**YOUR INSTRUCTIONS**
All lines below starting at the one that holds "1936 BULOBA BRETON" and ending at the one that holds "Monkey Chalk 5L" should be printed exactly, ends included. Pictures should not be printed, nor anything else.

**PROVIDED DATA**
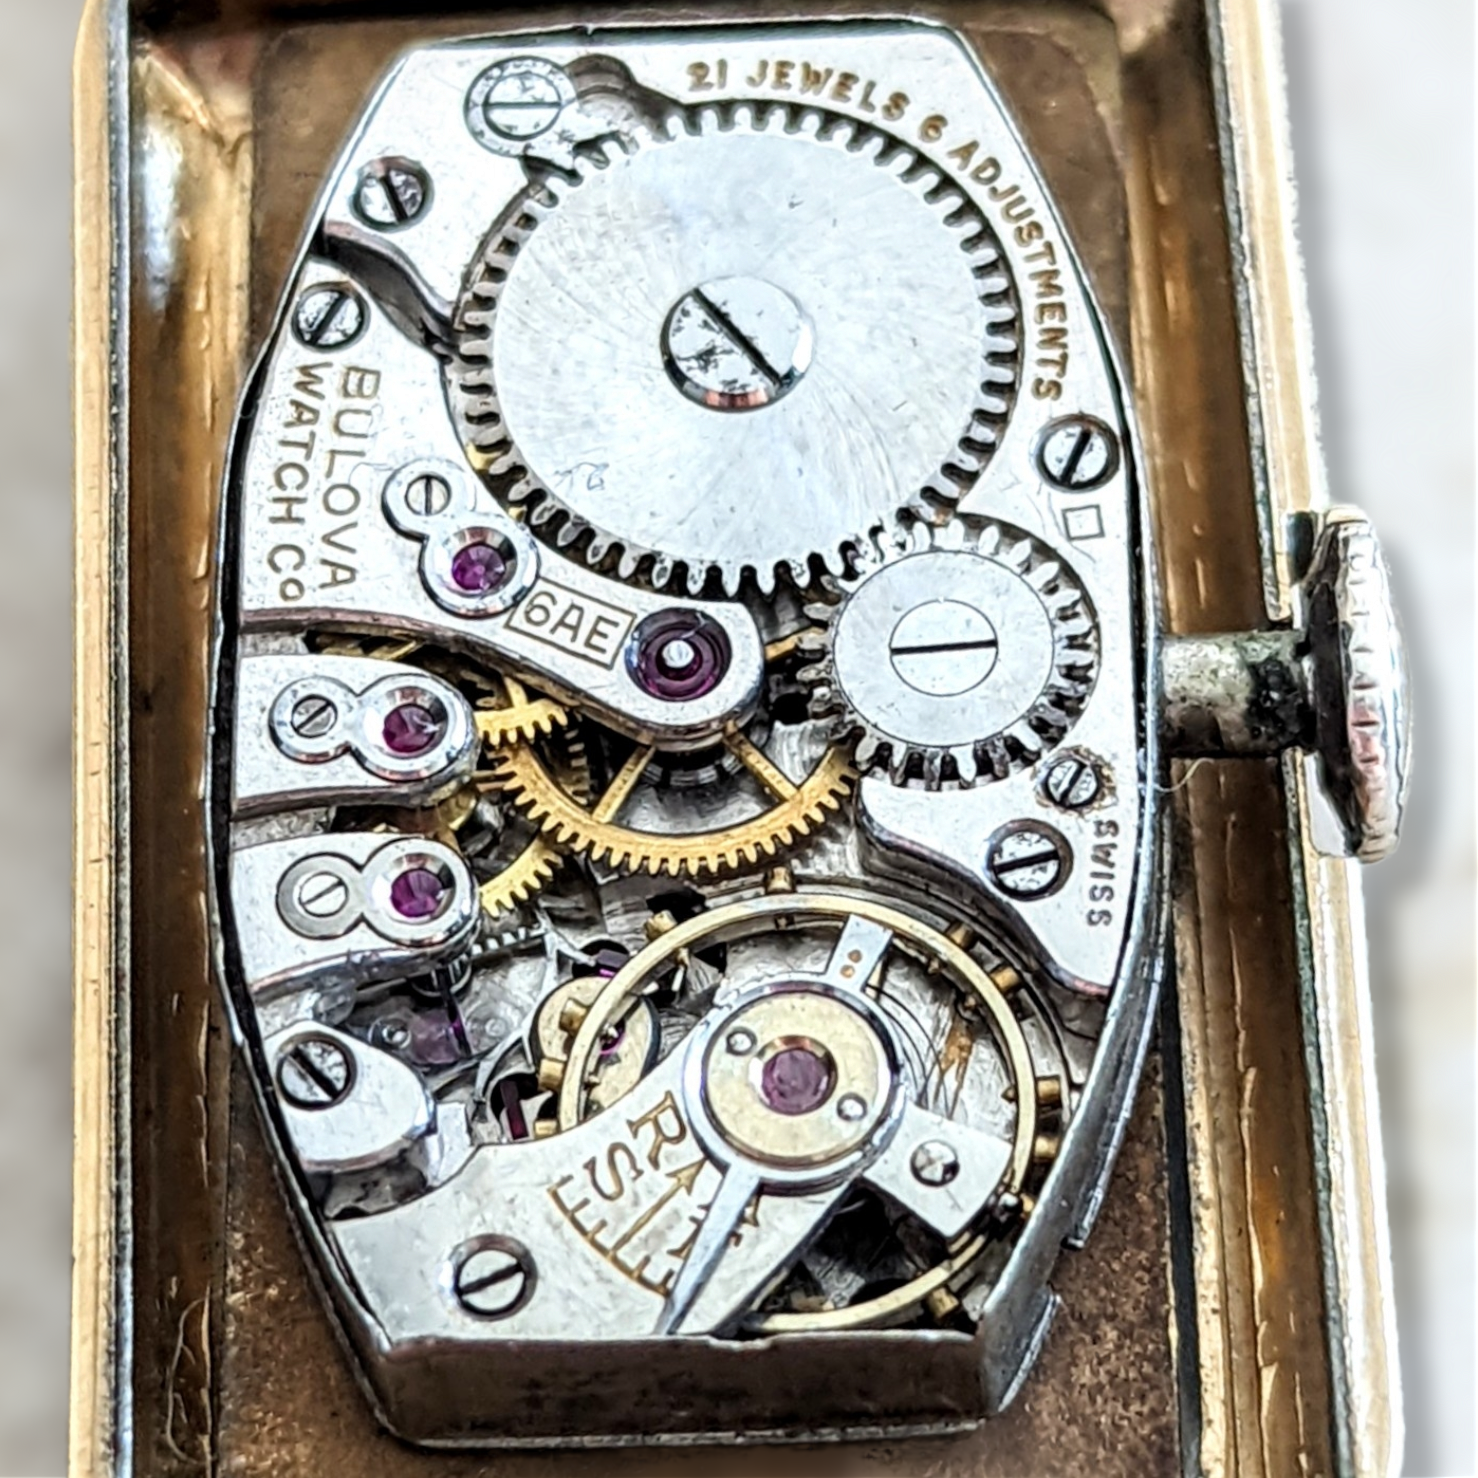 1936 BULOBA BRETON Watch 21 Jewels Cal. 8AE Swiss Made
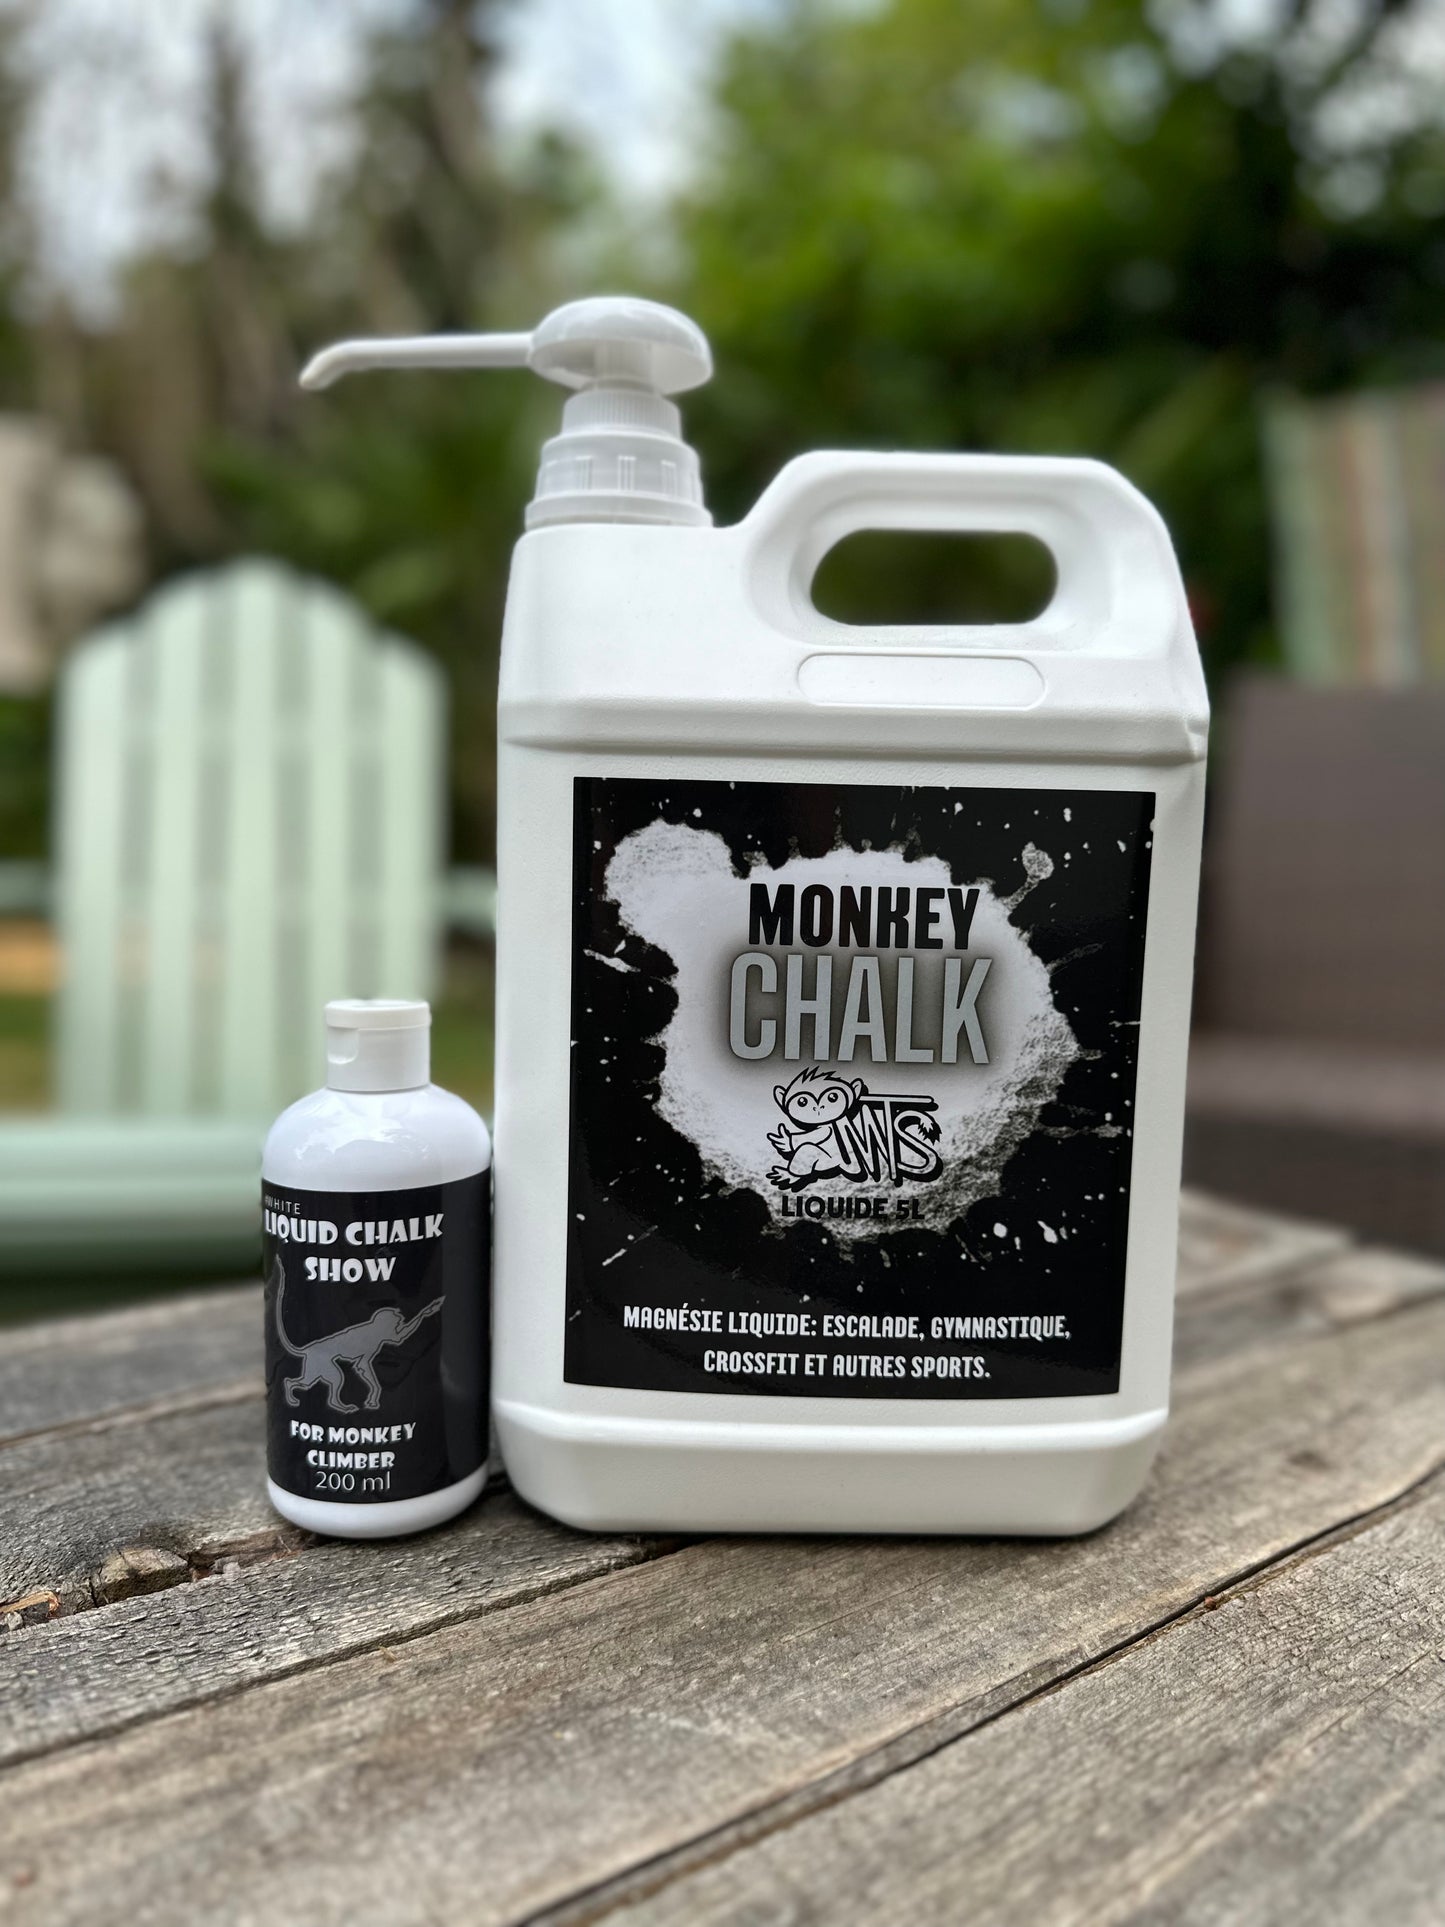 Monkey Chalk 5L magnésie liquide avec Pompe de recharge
* * *
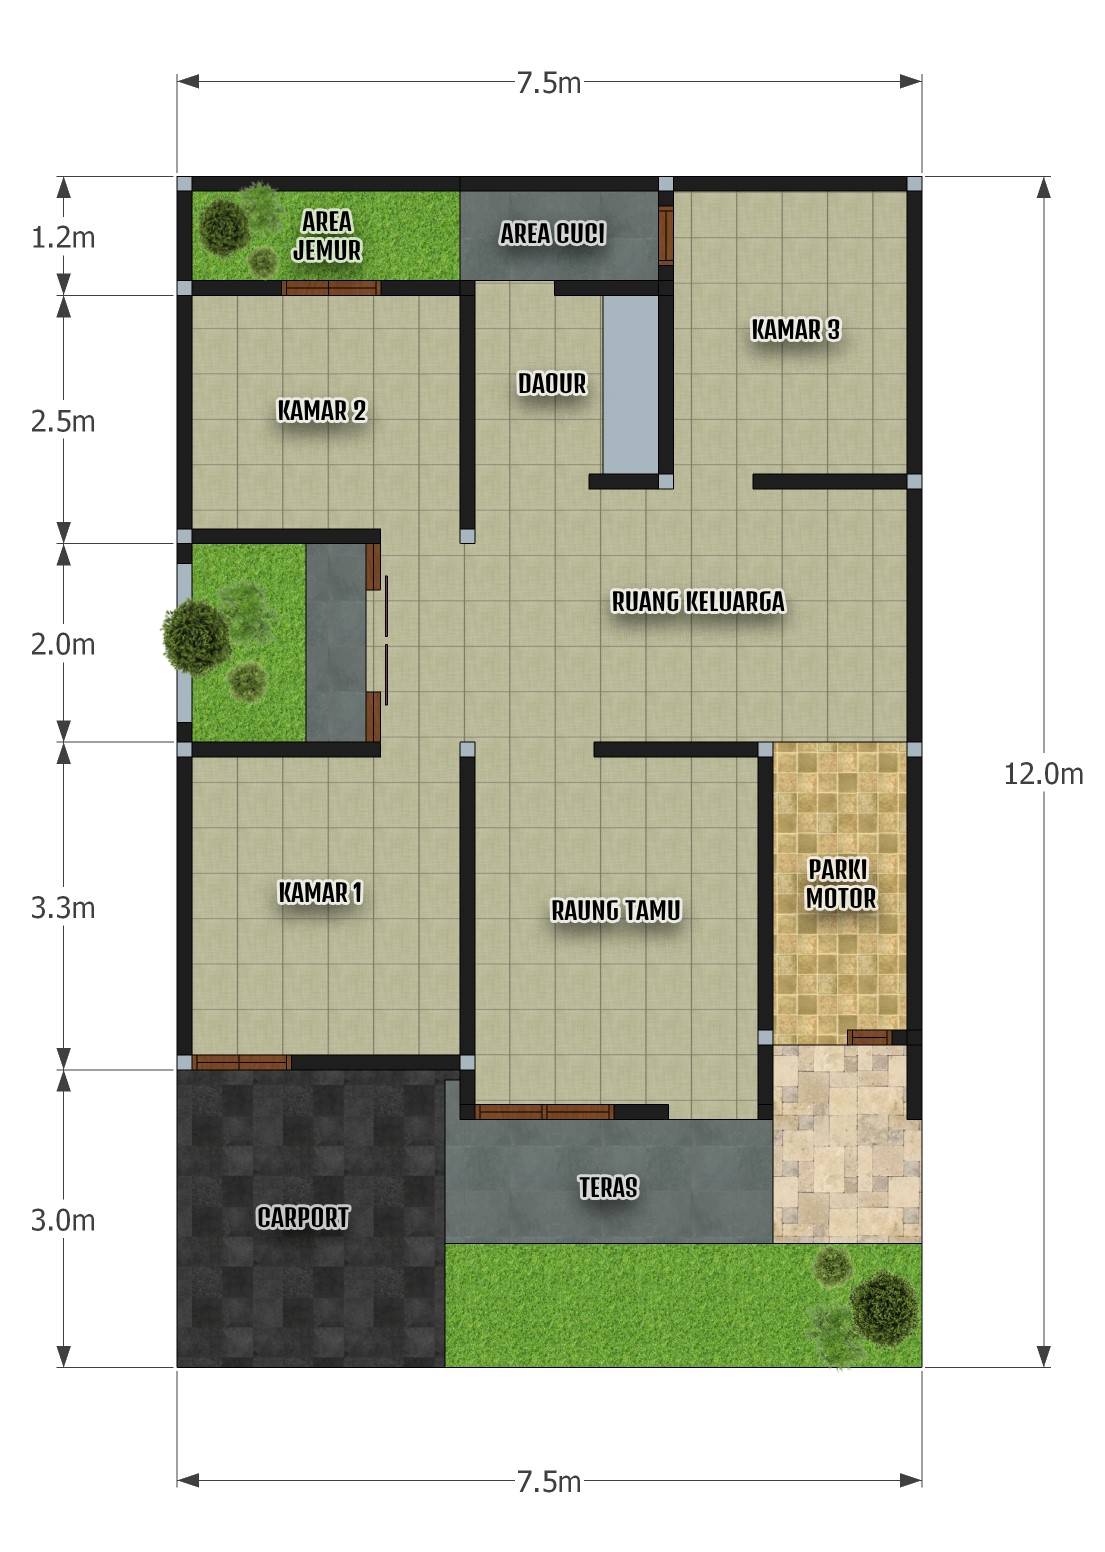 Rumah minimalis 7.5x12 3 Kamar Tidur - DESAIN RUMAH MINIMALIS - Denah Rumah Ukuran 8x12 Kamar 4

**SOLUTION FOR THIS TASK**
 1936 BULOBA BRETON Watch 21 Jewels Cal. 8AE Swiss Made
 Monkey Chalk 5L magnésie liquide avec Pompe de recharge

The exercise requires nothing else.